Bouts of diarrhoea, fever, pain in the abdomen, loss of appetite, weight loss, flatulence and malaise (bad feeling, pre-empt), abdominal tenderness can be present with Crohns. Fistulas (pouches) can occur which can house bacteria and lead to severe inflammation.
Crohns is associated with the entire thickness of the digestive tract the entire length and is common in the Ileum (last part of the small intestine.).
Granulated tissue (scar tissue) forms from ulcers and inflammation of tissue.
Ulcerative colitis usually affects the colon but can migrate up. This is more common than crohns. Bloody stools, diarrhoea, cramps, haemorrhoids and abcess can be signs of colitis.
Both conditions have similar symptoms and treatments and can be often diagnosed wrong. Many people have these and are diagnosed with IBS.
Problems arising from these conditions can be similar to IBS, diarrhoea, constipation, pain, bloating, fatigue, and others caused from malabsorbsion of food. Because free radicals are produced through inflammation and repair and removal of waste from infections, then poor nutrition (which is already associated with the condition) means that free radicals can attack at will cause more damage and thus cancer is often the long-term result of IBD.
What are the causes?
Again I will bullet point.
· Genetic predisposition, Caucasians and Jews (strong evidence)
· Immune system abnormalities
· Diet (well documented in relation to controlling the problem)
· Infectious agents. (Virus, bacteria)
· Antibiotic exposure (prescribed or consumed in diet destroys flora balance)
· Stress. (Well documented as physiologically destructive)
What are the dietary considerations for IBD?
People with Crohns have been shown to have high sugar low fibre diets. (1 page 590. reference2,3,4,5,6 page 892) these studies also linked eating cornflakes habitually and associated allergy as responsible for onset of crohns. If this is true then dietary advice (nutritional therapy is effective at preventing onset. Generally information suggests onset of crohns is at age 15-35.
Exclusion of irritants diet, allergy testing and whole food optimum diet is a good starting point. This may well bring about reduction in the condition.

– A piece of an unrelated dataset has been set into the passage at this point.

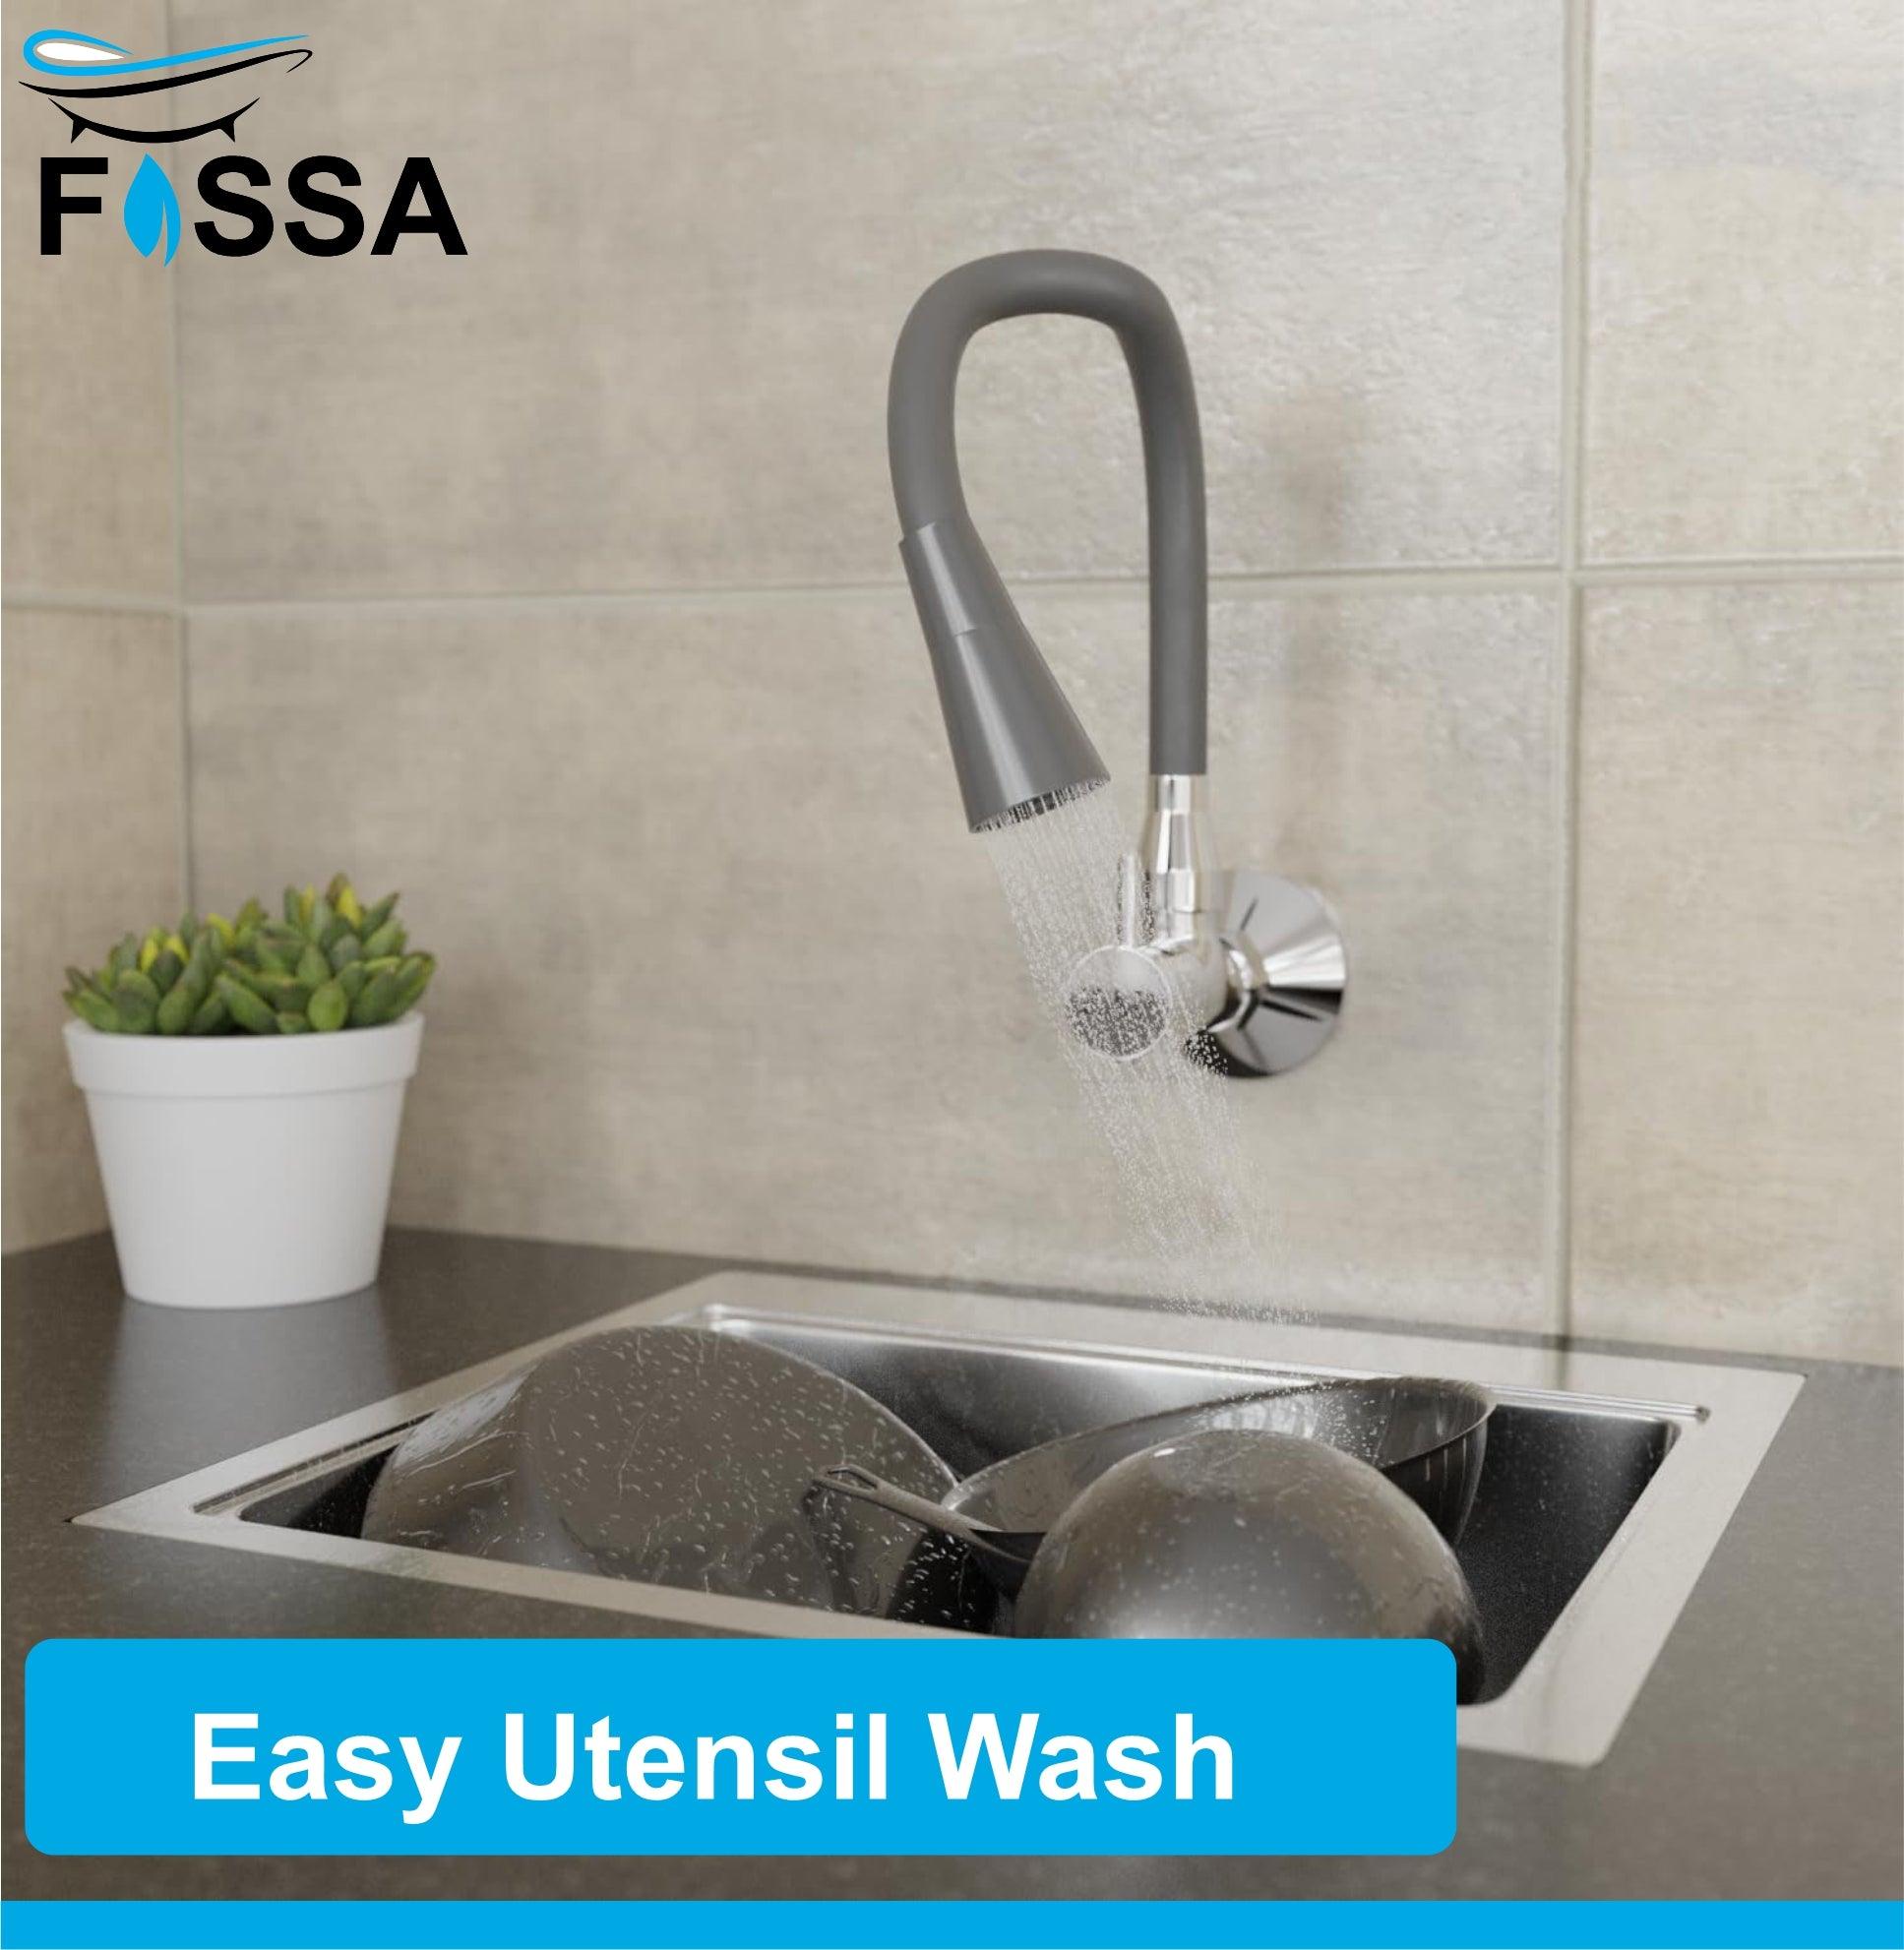 Fossa Brass Sink Cock with Dual Flow Kitchen Faucet with Flexible Swivel Spout (Grey) - Fossa Home

Supplementation of vitamins, minerals and enzymes and protein in the form of amino acids may help digestion. Many nutritional deficiencies are present for a range of reasons from psychological, physiological and practical reasons such as pain and discomfort with eating and elimination. Some examples are:
· Minerals lost in diarrhoea
· Decreased intake through nausea, vomiting, pain, anorexia.
· Dieting without supplementation.
· Malabsorbsion through inflammation and scarring.
· Higher turnover of intestinal cells and mucosa production leads to extra nutrient needs.
Flora has been found to be disturbed in crohns patients so the balance needs to be addressed (1 page 590. reference2,3,4,5,6 page 892).
Because the ulceration and inflammation in the digestive tract, many nutrients may have trouble getting through. This can lead to excess sugar, protein and other irritants that may normally be taken care of by the liver such as alcohol. This can worsen IBD.
Treatment of these deficiencies can be made sometimes with sublingual absorbsion or intravenous supplementation in some cases. Elemental diet with all the necessary nutrients, enzymes and amino acid supplementation is common.
Through damage and repair more antioxidants are needed and through repair extra nutrients are needed.
High fibre diets appear to be effective. They promote good bacteria, which controls the bad ones. In general it is accepted that flora imbalance is a factor in prevention and onset of crohns.
Poor levels of Zinc, b12 and folic acid are associated with crohns and IBD.
In summary an optimum diet is recommended in addition to the above considerations, some of which need medical intervention.
What nutritional deficiencies are caused by IBD?
I mentioned some above.
· Inflammation and scarring cause a surface that cannot effectively transmit nutrients to the bloodstream. Many nutrients are affected.
· Poor levels of Zinc, b12 and folic acid are associated with crohns and IBD.
· Antibiotic use causes flora imbalance which can be devistating.
· It is shown above that crohns patients statisticly have poor diet low in fibre and high in processed starch and sugar. This leads to deficiency in many nutrients found in whole food, fresh food and raw food.
· Pain and discomfort and stress may cause loss of appetite.
· Vitamin K, copper, B3, and E are common.
· Stress is responsible for malabsorbsion and increased requirement through extra muscular activity.
· Corticosteroids commonly prescribed for IBD affect protein synthesis therefore reducing repair of damaged tissue they also are associated with a very long list of nutrient deficiencies (1 page 594)
· Diarrhoea causes loss of many nutrients.
· Removed sections of intestine can hamper the already poor absorbsion of all nutrients.
Some commonly prescribed drugs and their side effects.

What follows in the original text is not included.